→ **DATASET EXCERPT**:
^^^^

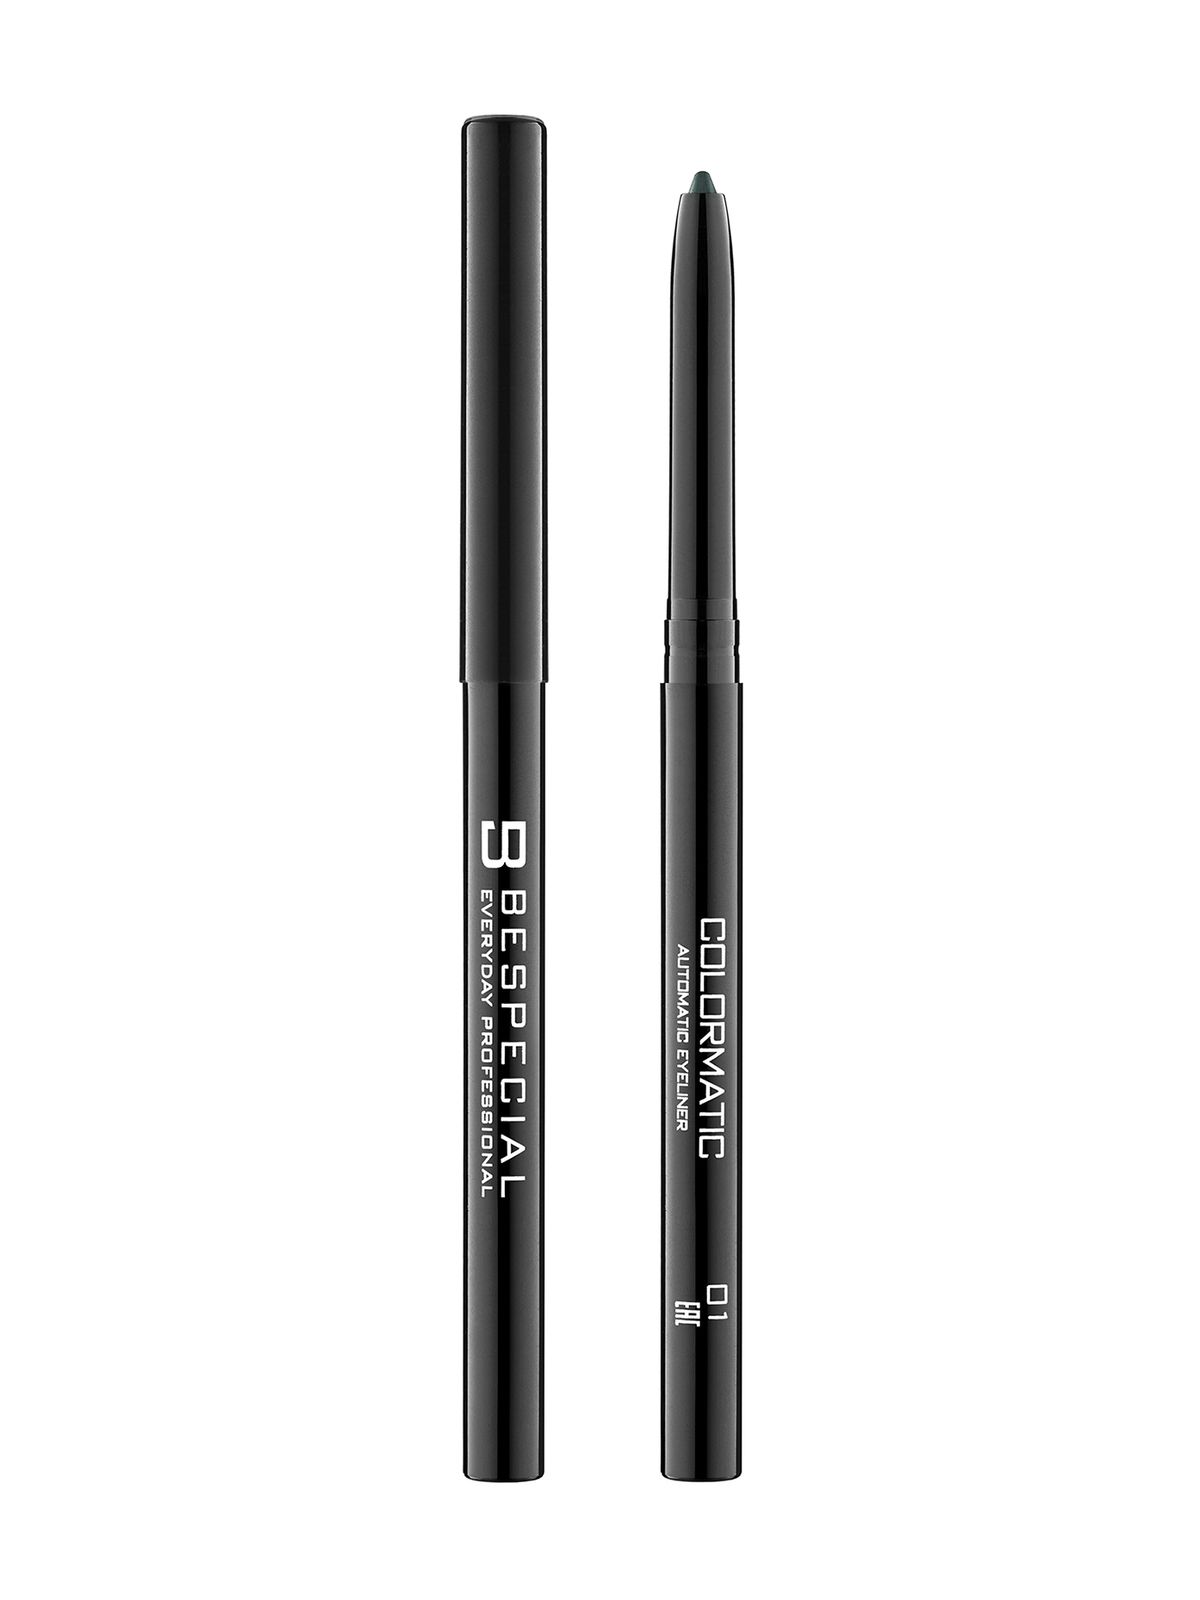 Механический карандаш для глаз Bespecial Colormatic Eye Pencil карандаш для глаз shinewell charm pencil т 2 графитовый
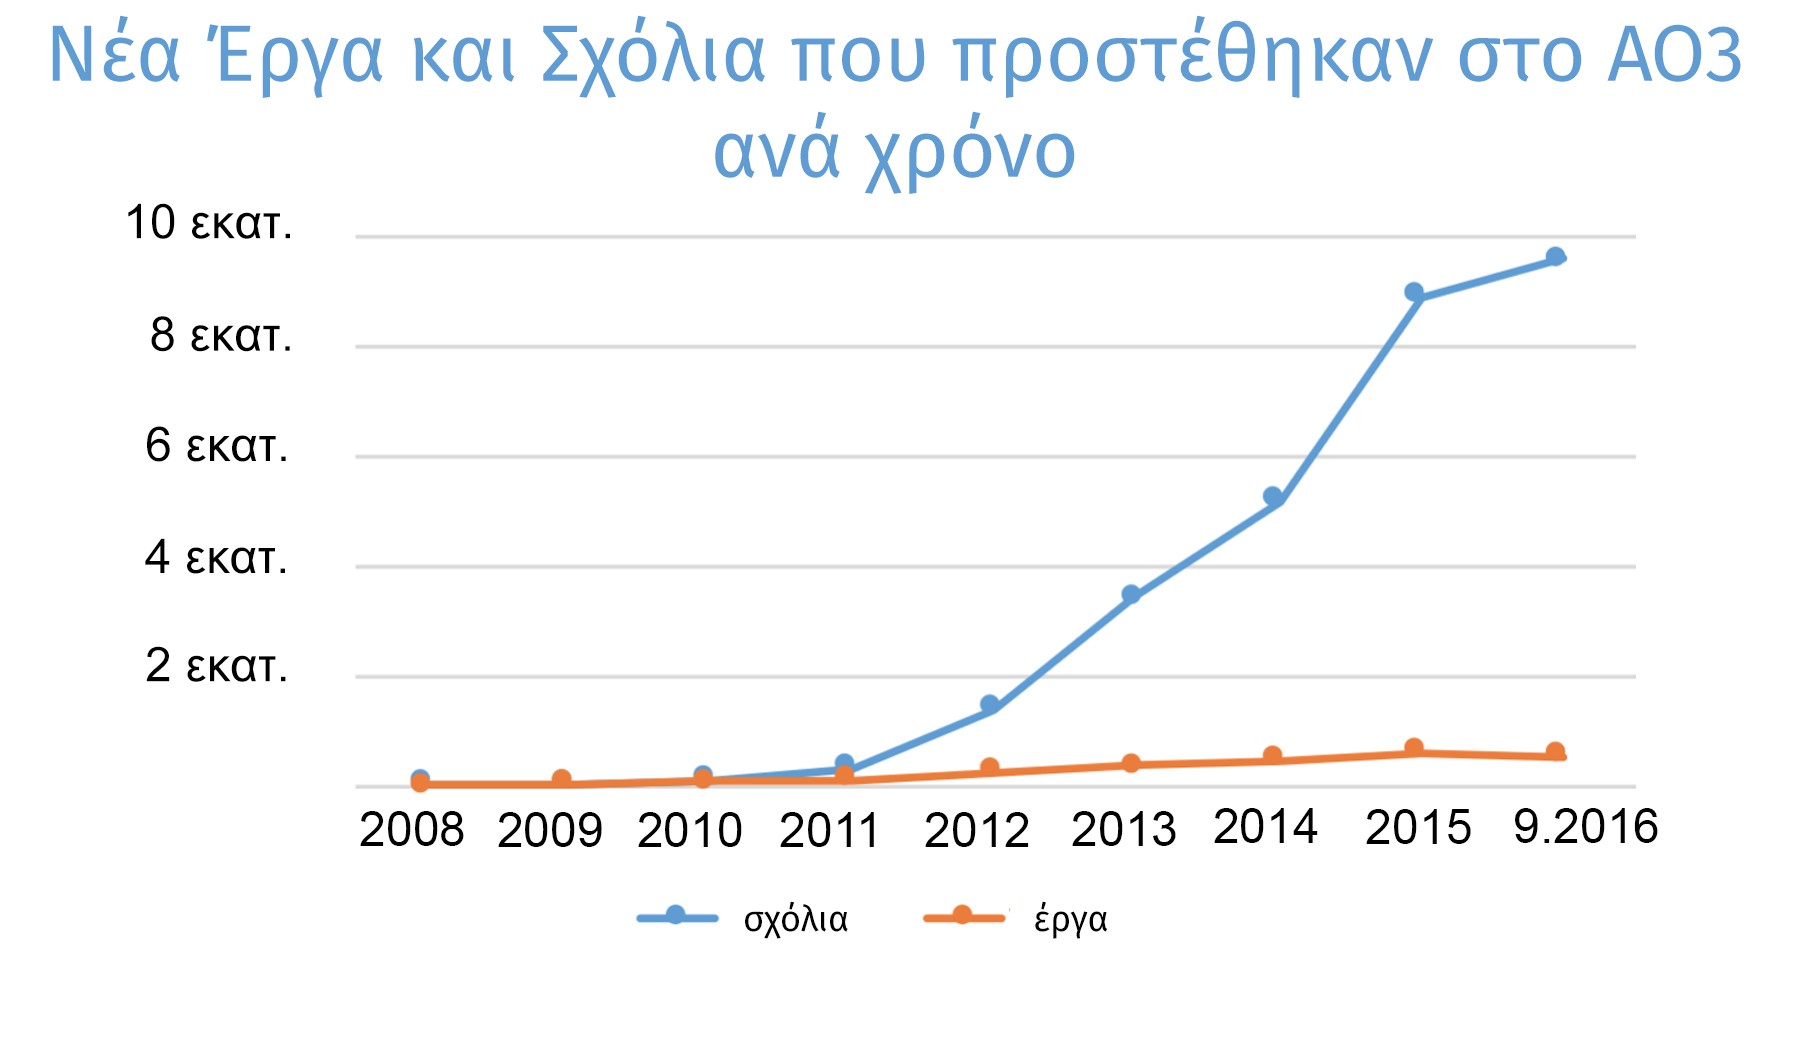 Γράφημα εξέλιξης των έργων και των σχολίων που δημιουργήθηκαν κάθε χρόνο στο ΑΟ3, από μηδέν το 2008 σε πάνω από 500.000 έργα και 9,5 εκατομμύρια σχόλια μόνο τη φετινή χρονιά.
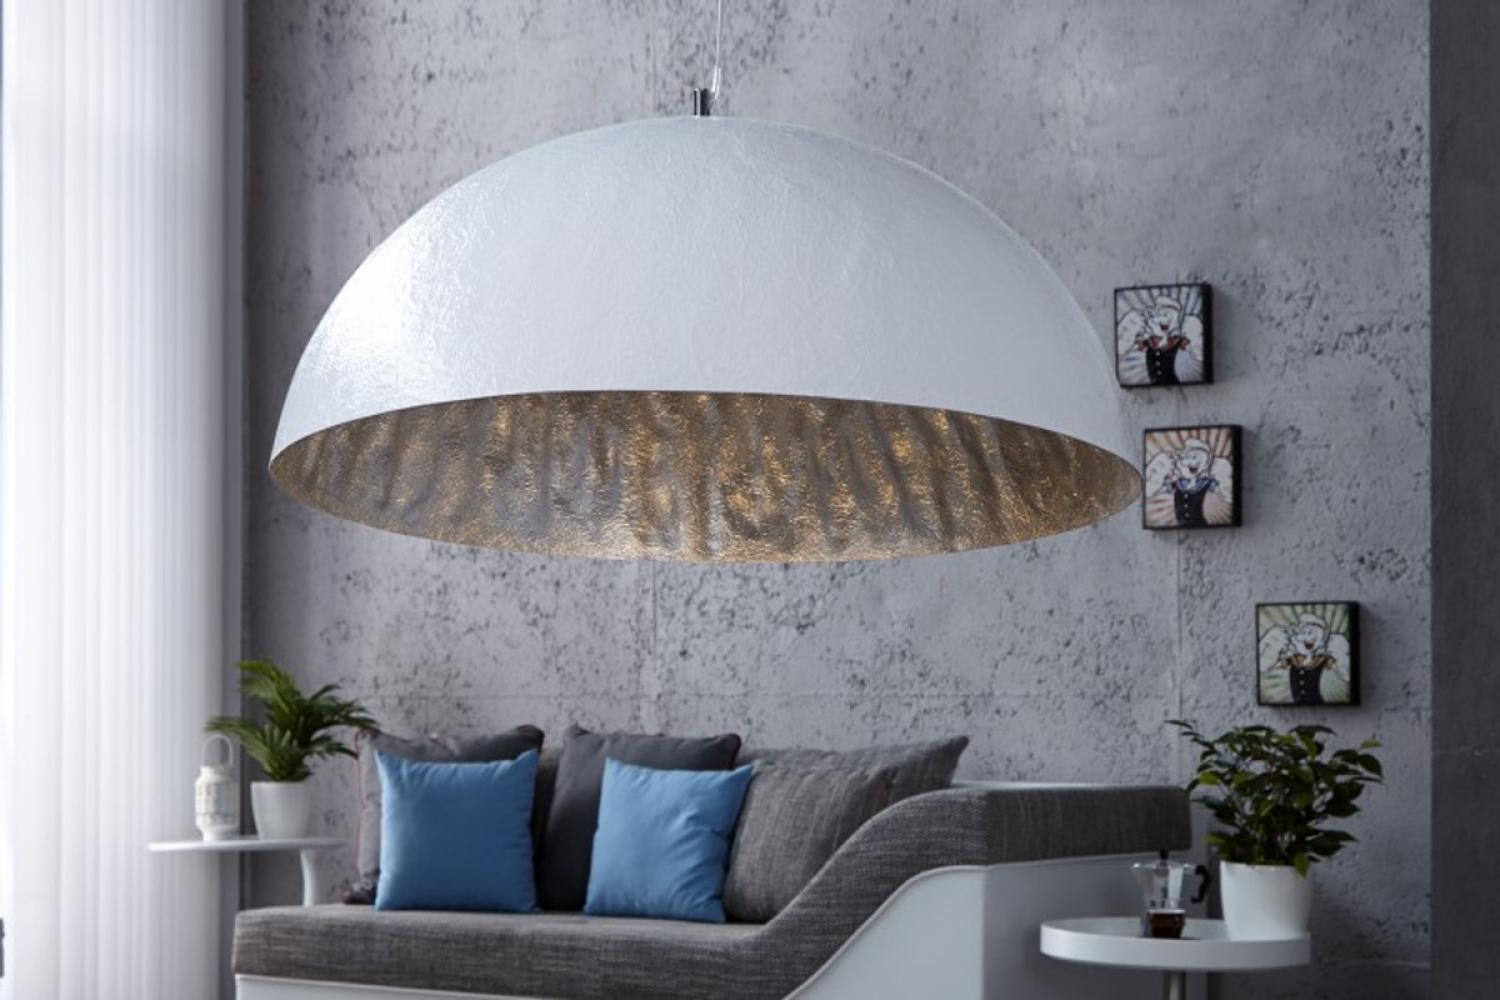 Casa Padrino Designer Pendelleuchte aus Edelstahl, Weiß / Silber, Durchmesser 70 cm - Leuchte Lampe Bild 1

^^^^

With the pictures removed, return the full listing exactly as given.

 Механический карандаш для глаз Bespecial Colormatic Eye Pencil карандаш для глаз shinewell charm pencil т 2 графитовый
 Γράφημα εξέλιξης των έργων και των σχολίων που δημιουργήθηκαν κάθε χρόνο στο ΑΟ3, από μηδέν το 2008 σε πάνω από 500.000 έργα και 9,5 εκατομμύρια σχόλια μόνο τη φετινή χρονιά.
 Casa Padrino Designer Pendelleuchte aus Edelstahl, Weiß / Silber, Durchmesser 70 cm - Leuchte Lampe Bild 1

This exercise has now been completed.